Mike Yang

Backend Developer, passionate about distributed systems, observability and AI. Beyond programming, interested in neuroscience and sports, enjoys parkour and bouldering.

Slack's Incident on 2-22-22 Reading Note

May 2, 2022

distributed-systems
reliability

Slack’s Incident on 2-22-22 Reading Note

Why reading incident report is interesting?

We can learn many things from an incident report, such as how to react to an incident, review architecture, and analyze problems in a real case.

Have to say, it is much more enjoyable to learn from others’ incident report.

Affect

On February 22, 2022 from 6:00 AM PST to 9:14 AM PST, some customers can’t access Slack[2].

Rough Timeline

received user tickets
received alarms
detected database suffers higher load than usual
query timeout, DB overloaded
decreased the requests acceptance rate => DB back to normal
increased the rate => DB overloaded again
decreased the rate => back to normal => increase by small steps

The Architecture

The backend server will query the cache first, if the cache missed, query the DB.

v = get(k)

if v is nil {
  v = fetch from DB
  set(k, v)
}

Screen Shot 2022-04-29 at 12 26 31 AM

Clients(app servers) will send requests to the Mcrouter, then the Mcrouter will proxy the requests to Memcached nodes.

Consul is used for discovering Memcached nodes.

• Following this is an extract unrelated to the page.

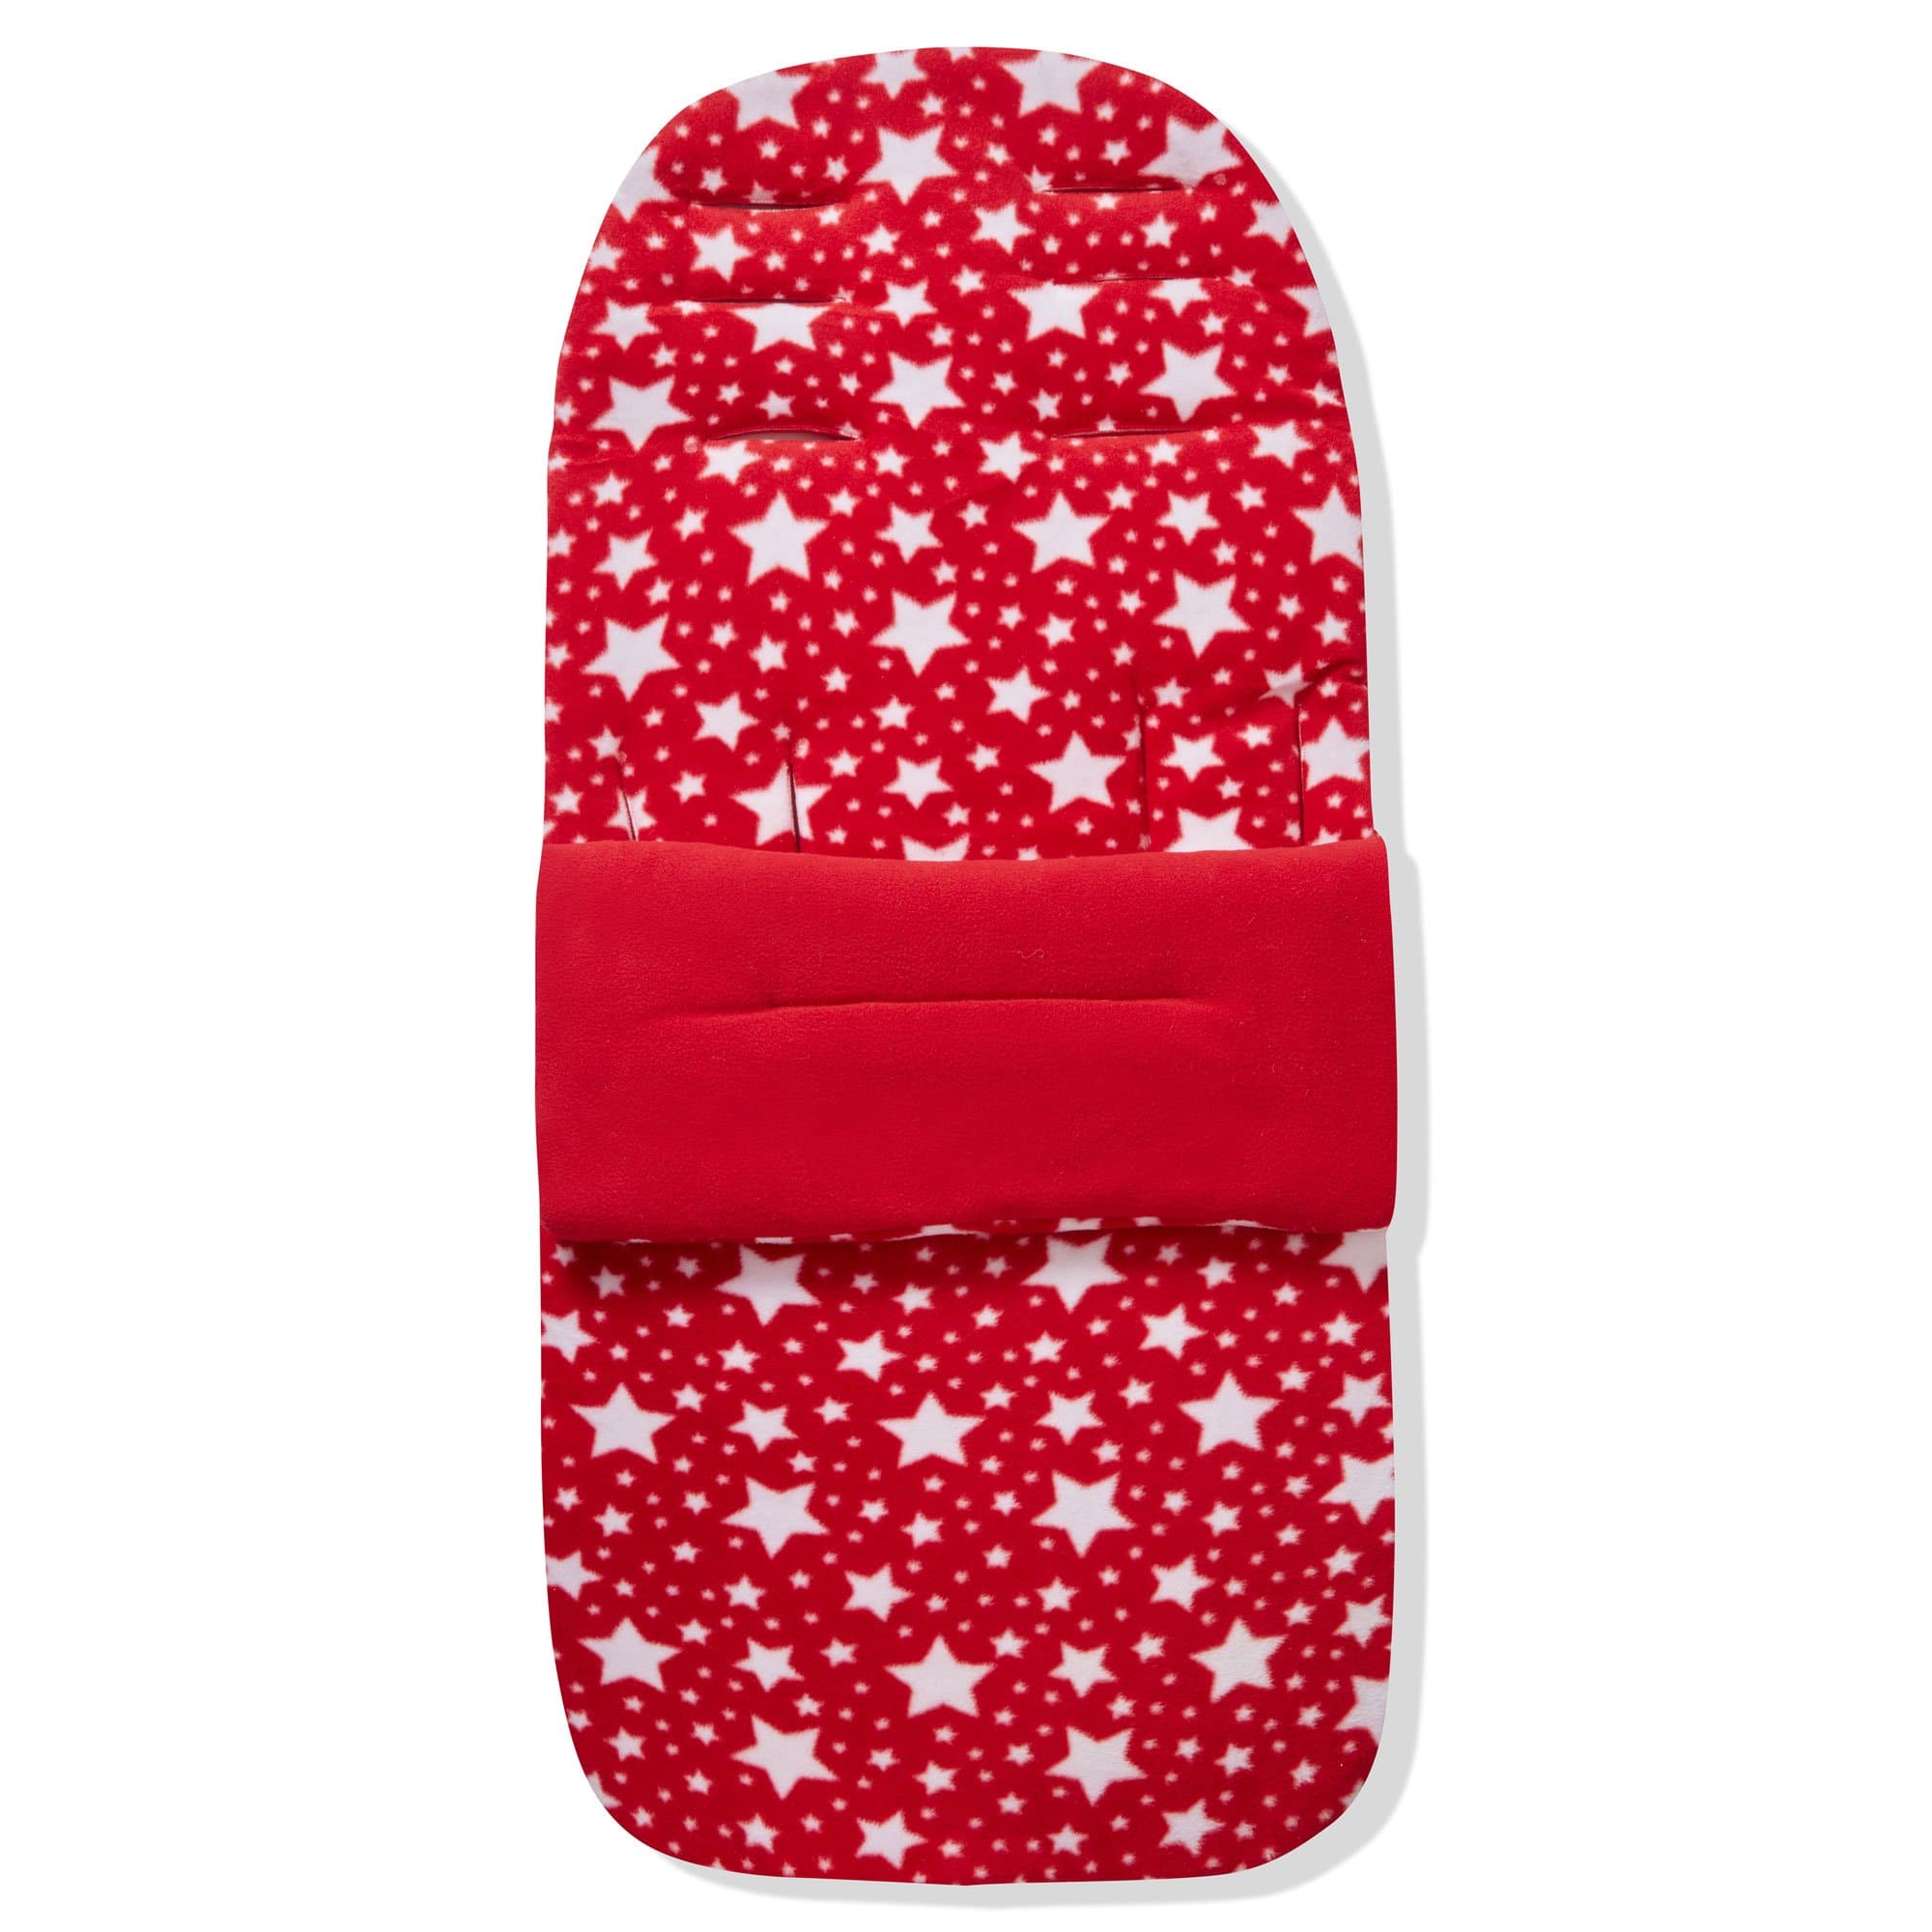 Fleece Footmuff / Cosy Toes Compatible With Bloom - For Your Little One
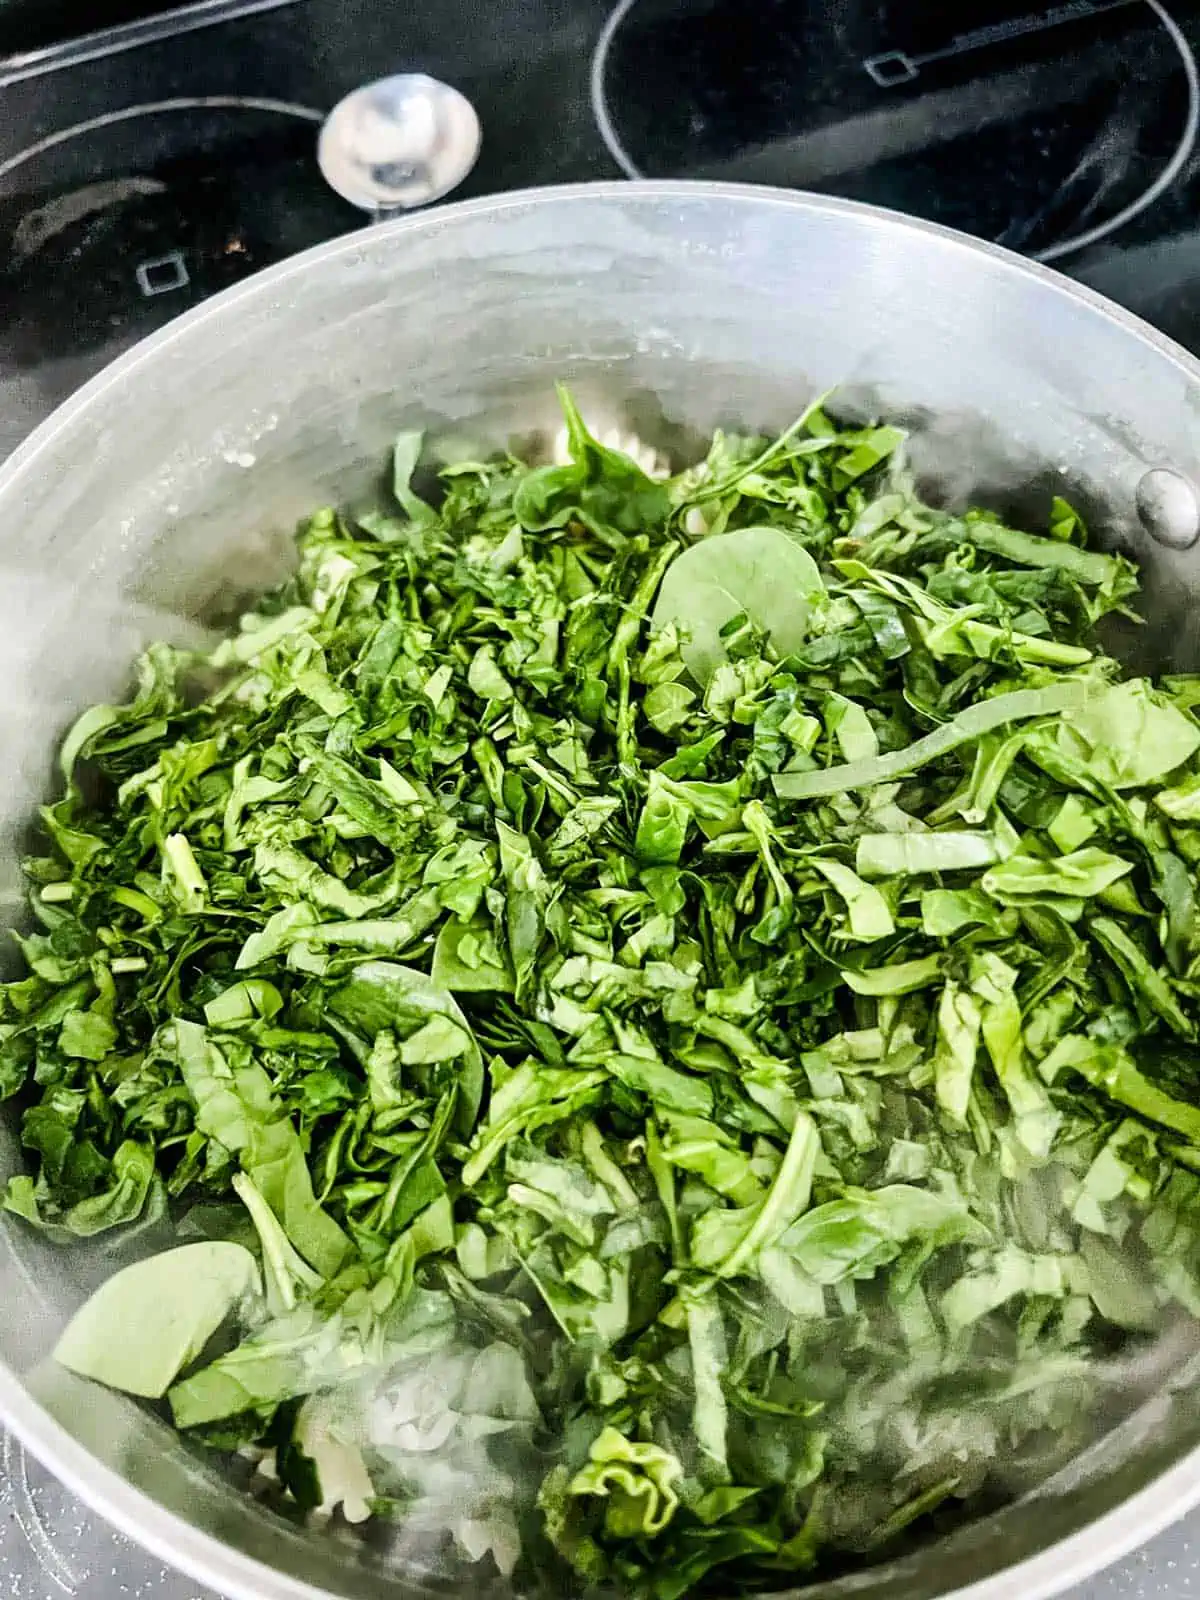 Spinach that has just been added to a saucepan of freshly cooked pasta.

And mcrib will watch Consul for getting alive Memcached nodes.

Then the info will be used by mcrouter for selecting memcached nodes.

When the agent(Consul) restart occurs on a memcached node, the node that leaves the service catalog gets replaced by Mcrib. The new cache node will be empty.

I’m not really understand this sentence.

It seems that the consul agent will be deployed on some Memcached nodes, and when the Cousul agent restarts, the Memcached node will be replaced by a new empty node.

Screen Shot 2022-07-02 at 22 22 52

What happened

Cache failure causes hit rate to decrease

Upgrade Consul agent => memcached nodes are replaced by empty nodes => cache hit decreased

Cache failure => DB heavy read load + read amplification => DB overload

A Cache can reduce a lot of loads for DB. When cache failure happens, DB will suffer much more load than usual.

For Slack, one function/API needs to query many DB shards as it is not sharded well.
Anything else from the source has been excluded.